En Chile, el número de personas mayores crece más rápido de lo que cambian las políticas públicas. Sin embargo, hay muchas cosas que tanto ellos como su entorno pueden hacer para derribar barreras y mejorar la calidad de vida.
Según datos del Censo 2024, la proporción de personas de 65 años y más pasó de 6,6% en 1992 a un 14% en 2024, lo que refleja un cambio demográfico importante en Chile. ‘Este escenario obliga a pensar el envejecimiento no solo como un desafío, sino también como una oportunidad’, sostiene Daniela Naranjo, académica de la Escuela de Terapia Ocupacional de la Universidad de Las Américas.
De ahí que especialistas de diversos rubros busquen favorecer la calidad de vida, la autonomía y el desempeño ocupacional de las personas mayores. ‘Desde este enfoque se promueve la participación en actividades significativas, junto con la prevención de situaciones de dependencia y el fomento de un envejecimiento saludable. Todo ello requiere derribar prejuicios y actitudes edadistas que aún persisten y que reducen a las personas mayores a estereotipos de fragilidad o improductividad’, explica Daniela Naranjo.
En este sentido, incentivar la participación en actividades, no necesariamente deportivas, puede ser una variable muy positiva en esta etapa de la vida. Lo importante es estar en movimiento: ‘jardinear, caminar, andar en bicicleta, practicar yoga. También, mantenerse activos intelectualmente a través de la lectura, juegos de ingenio, entre otros’, sostiene la psicóloga María Fernanda Alcayaga, directora de CalmaVida.
Igual de importante es la elección correcta de los alimentos, ya que esto ayuda al cuerpo a sentirse sano y fuerte. Otra recomendación de la especialista es compartir con amigos y familia, y participar de actividades en comunidad, pues estar conectados con el entorno es tan necesario como la actividad física. ‘Por último, tener un propósito, un ‘Ikigai’, como lo llama la cultura japonesa, contribuye al bienestar y longevidad de las personas’, explica Alcayaga.
Preparar el entorno
Según Carolina Carrera, directora del Centro de Atención Psicológica de la Universidad Andrés Bello, la vejez es una etapa de logros y reencuentros, pero también de pérdidas y ajustes. Por eso, habilitar el espacio acorde con las necesidades reales de esta etapa es clave para mantener hábitos y rutinas sin depender de otros. ‘La autonomía en el caso de las personas mayores es muy importante, tanto en relación con la movilidad y uso del espacio físico, como para la toma de decisiones’, afirma.
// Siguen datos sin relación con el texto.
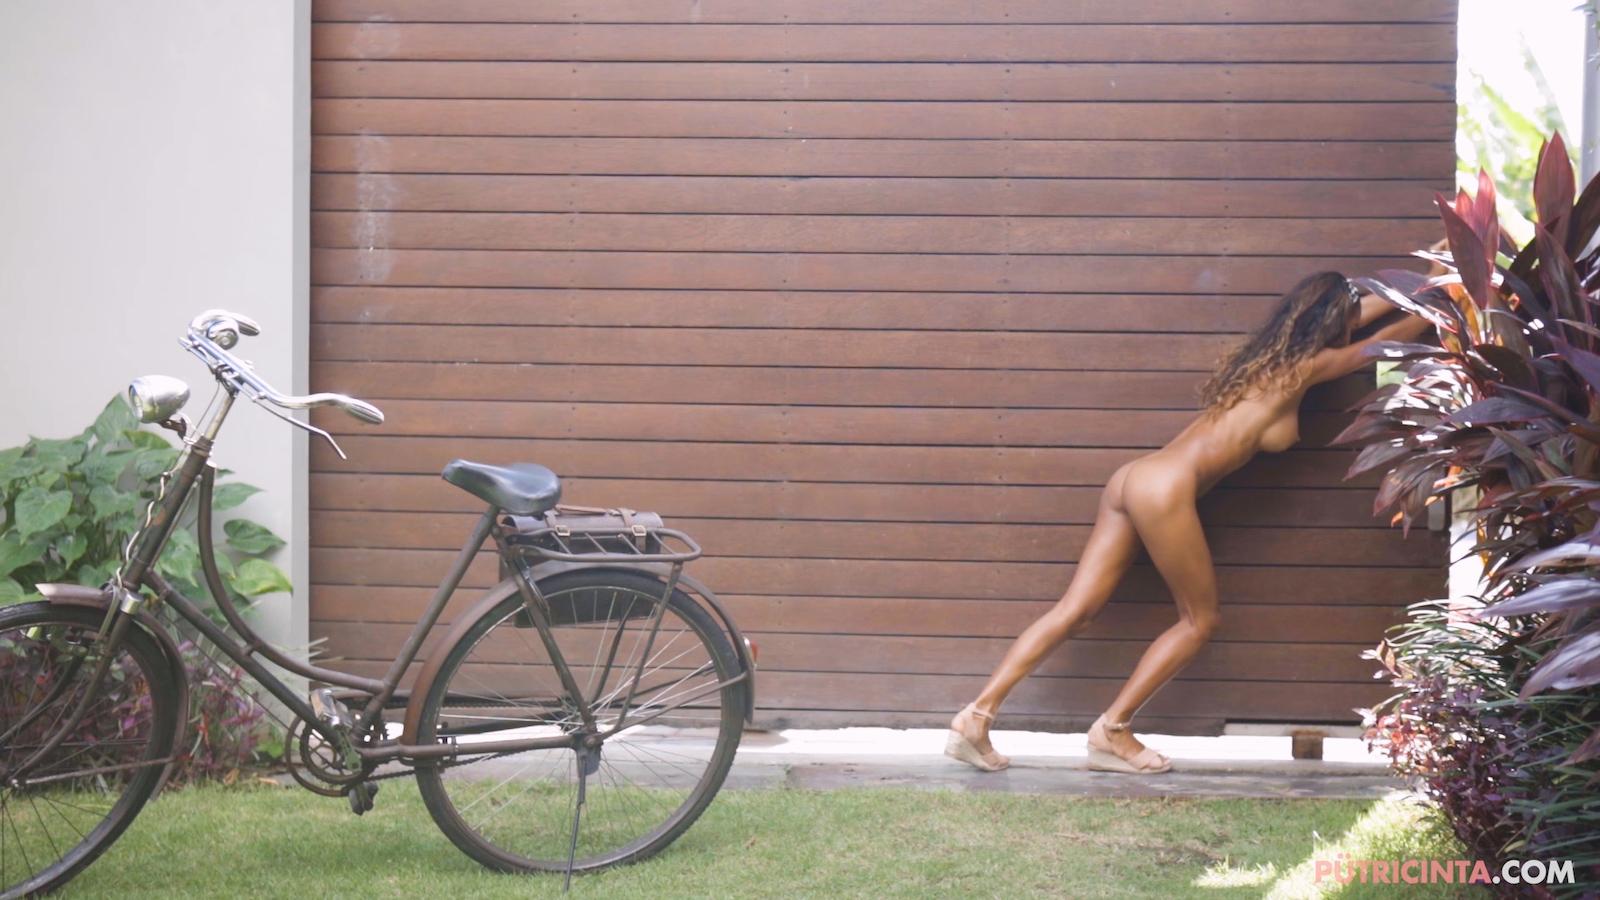 024-cyclingcommando-Putri-Cinta-Mainvid-stills-83.jpg

¿Están los hogares preparados físicamente para una vida más larga? Según la Organización Mundial de la Salud (OMS), la falta de adaptaciones en el hogar es uno de los principales factores de riesgo de caídas. ‘Evitar una caída no es un detalle: para una persona mayor, un accidente así puede significar una larga inmovilización y la aparición de otros riesgos asociados a la vejez’, comenta Pablo Hormazábal, académico de Arquitectura del Campus Creativo de la Universidad Andrés Bello (UNAB).
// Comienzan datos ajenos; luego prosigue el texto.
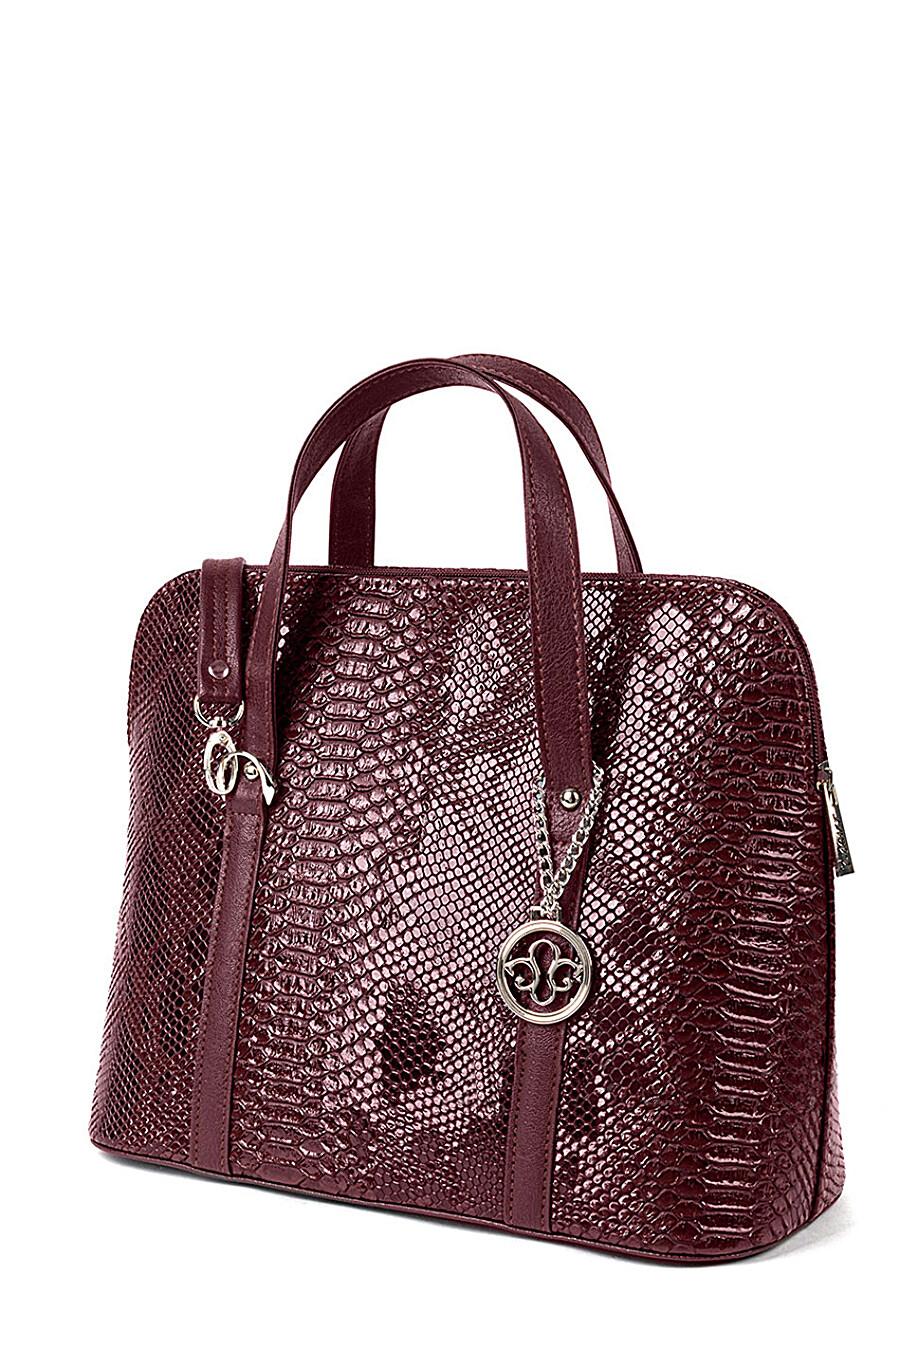 Сумка для женщин L-CRAFT 260437 купить оптом от производителя. Совместная покупка женской одежды в OptMoyo

Contrario a lo que muchos creen, no siempre se requiere una remodelación completa para lograr un hogar más seguro. De hecho, algunas intervenciones no implican un alto costo y pueden hacerse rápidamente, como el reordenamiento de mobiliario para facilitar la circulación y reducir obstáculos, tal como plantea el profesor de la UNAB.
Asimismo, la arquitecta Daniela Müller, de vasta experiencia en la remodelación de casas, departamentos y oficinas, recomienda poner barras de seguridad en la ducha. ‘Generalmente, son dos barras, una por el costado y una a lo largo de la ducha. También se ocupan unos banquitos para que se puedan sentar cuando se están duchando’, señala.
Menos riesgos
Junto con lo anterior, la líder de Müller Proyectos aconseja elegir pisos de porcelanato o cerámicos que tengan textura. ‘El antideslizante ayuda a evitar caídas cuando se moja el piso’ , indica.
En cuanto a la ventilación, la arquitecta propone que los baños tengan ventana, porque con el vapor del agua podría aumentar el riesgo de sufrir un desmayo. ‘Siempre tiene que haber una ventana que se abra o un extractor para generar una buena circulación de aire’, afirma.
La iluminación también es importante, porque la gente de la llamada ‘tercera edad’ suele tener más problemas a la vista. ‘Se recomienda que los baños tengan una luz general y también luces adicionales sobre el tocador, pueden ser también luces LED en los muebles. Igualmente, se pueden incorporar sensores de movimiento en puntos estratégicos, como la entrada al hogar’, concluye Daniela Müller.